MP4 (H.264) — Best for sharing and editing
Choose MP4 when you need the widest compatibility. Works everywhere — Apple, Windows, Android, social media, video editors. Ideal for screen recording deliverables, tutorial videos, and client-facing content.
WebM (VP9) — Best for web embeds
Choose WebM if you're embedding the video on a website and need a smaller file size than MP4. VP9 encoding gives better compression than H.264 for the same quality. Works natively in Chrome and Firefox.
Animated GIF — Best for documentation and quick sharing
Choose GIF for short clips (under 15 seconds) that need to play automatically without user interaction — perfect for README files on GitHub, Notion pages, Jira tickets, and Slack messages. Note: GIFs have no audio and larger file sizes than video formats.
How to Resize and Compress Images
Switch to the Image Resize / Compress tab for image processing:
- Click the Image tab in the Media Converter.

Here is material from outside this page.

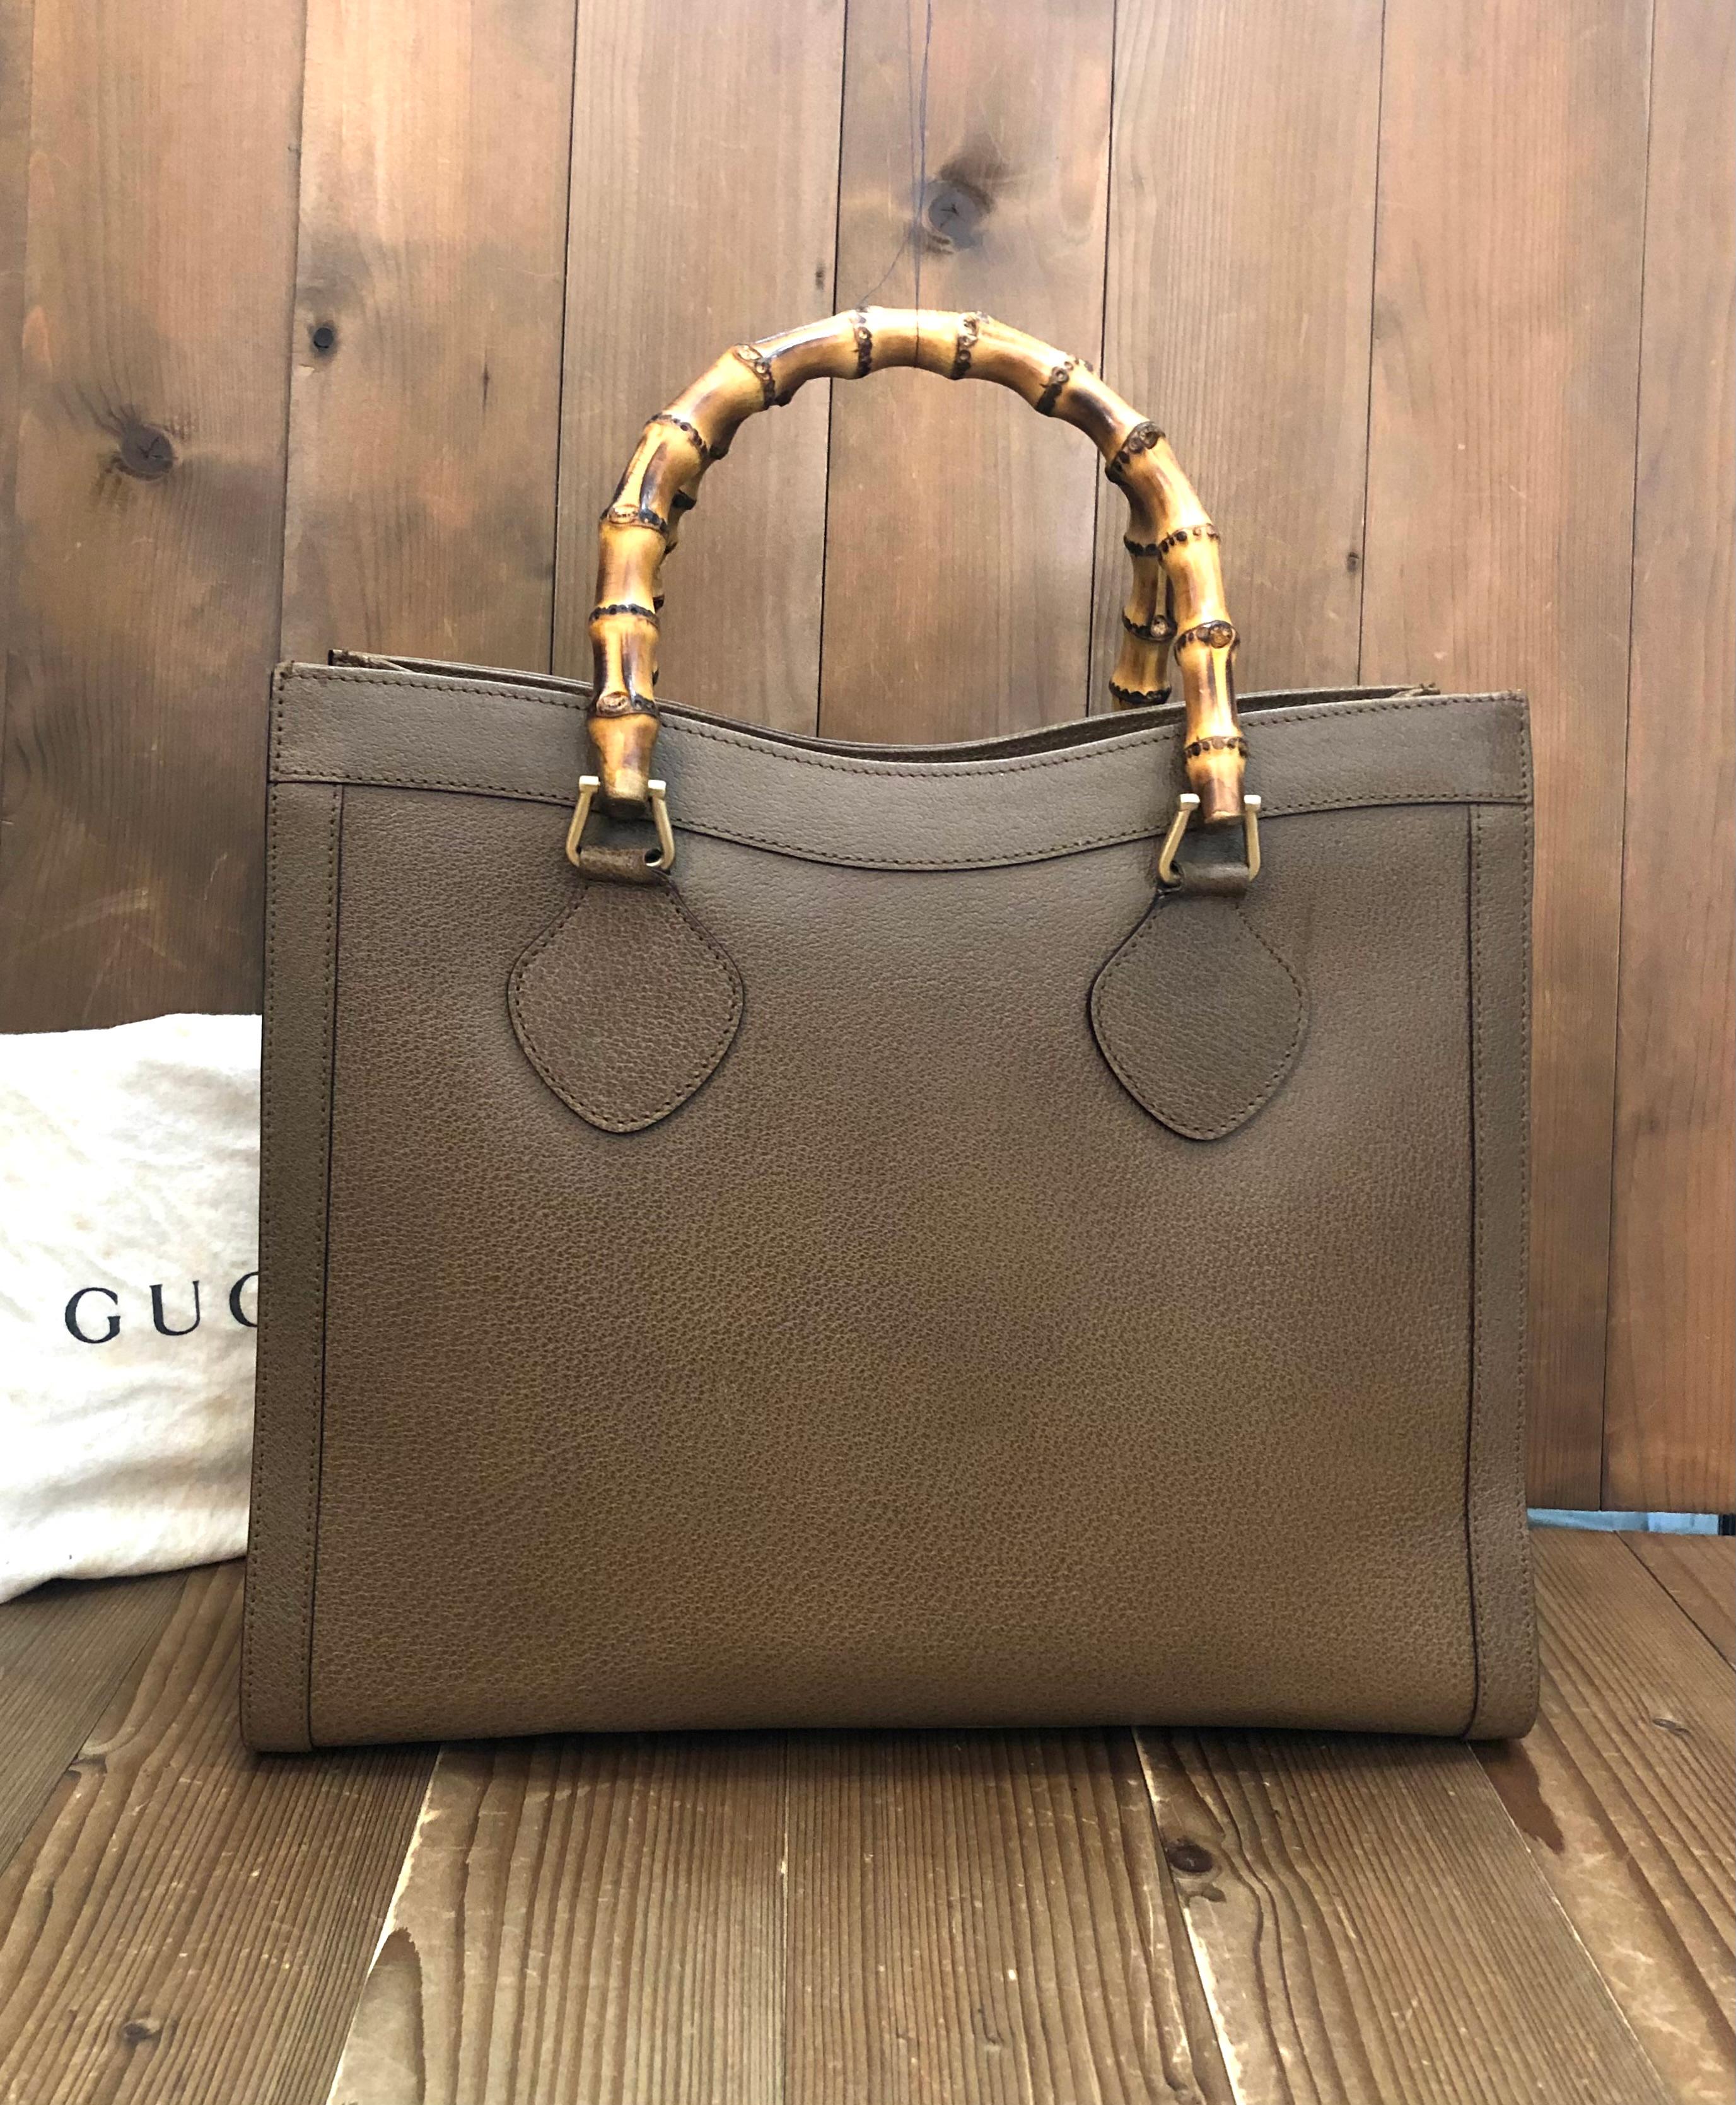 This vintage GUCCI Diana bamboo tote is crafted of pigskin’s leather in brown/green hue and brushed gold toned hardware. Top magnetic snap closure opens to Gucci’s iconic diamanté jacquard interior featuring two main compartments/one zippered

- Drop one or more image files onto the drop zone (JPEG, PNG, WebP supported).
- Set your target dimensions (width × height in pixels) or a percentage scale.
- Adjust the quality slider to control the output file size.
- Choose the output format (JPEG, PNG, or WebP).
- Click Convert, then download each processed image.
All image processing runs locally in your browser. No images are uploaded to any server — critical for photographs of people, confidential documents, or commercially sensitive images.
Media Converter vs. Online Video Conversion Sites
| Feature | WebDesks Media Converter | CloudConvert / Zamzar / etc. |
|---|---|---|
| Files uploaded to server | ✔ No (local only) | ✘ Yes (server upload) |
| Account required | ✔ No account needed | ✘ Often required |
| File size limit | ✔ No enforced limit | ✘ Often 100MB–2GB cap |
| Privacy | ✔ Files never leave device | ✘ Server-processed |
| Speed | ~ Depends on device CPU | ✔ Server-accelerated |
| Cost | ✔ Free | ✘ Often freemium/paid |
| Works offline | ✔ Yes (PWA + WASM) | ✘ Requires internet |
Frequently Asked Questions
Is the WebM to MP4 converter really free?
Yes. The WebDesks Media Converter is completely free with no account, subscription, or conversion limits.
Is there a file size limit?
There's no enforced file size limit. However, very large files (multi-gigabyte) may cause performance issues depending on your device's RAM and CPU. For files over ~2GB, a dedicated desktop converter like HandBrake may be faster.
Why does the first conversion take longer?
FFmpeg.wasm (the WebAssembly version of FFmpeg) needs to load on first use — this takes 10–30 seconds depending on your connection speed. Subsequent conversions in the same session are much faster as the library is already loaded.
Does it convert other video formats (not just WebM)?
The current input focus is WebM files. This covers the most common use case (browser screen recordings). For other format conversions (MOV, AVI, MKV), a desktop tool like HandBrake or VLC offers broader format support.
Can I use the image resizer for batch processing?
Yes. The image mode accepts multiple files in a single drop. Each image is processed separately with the same settings — useful for resizing a batch of product photos or screenshots to consistent dimensions.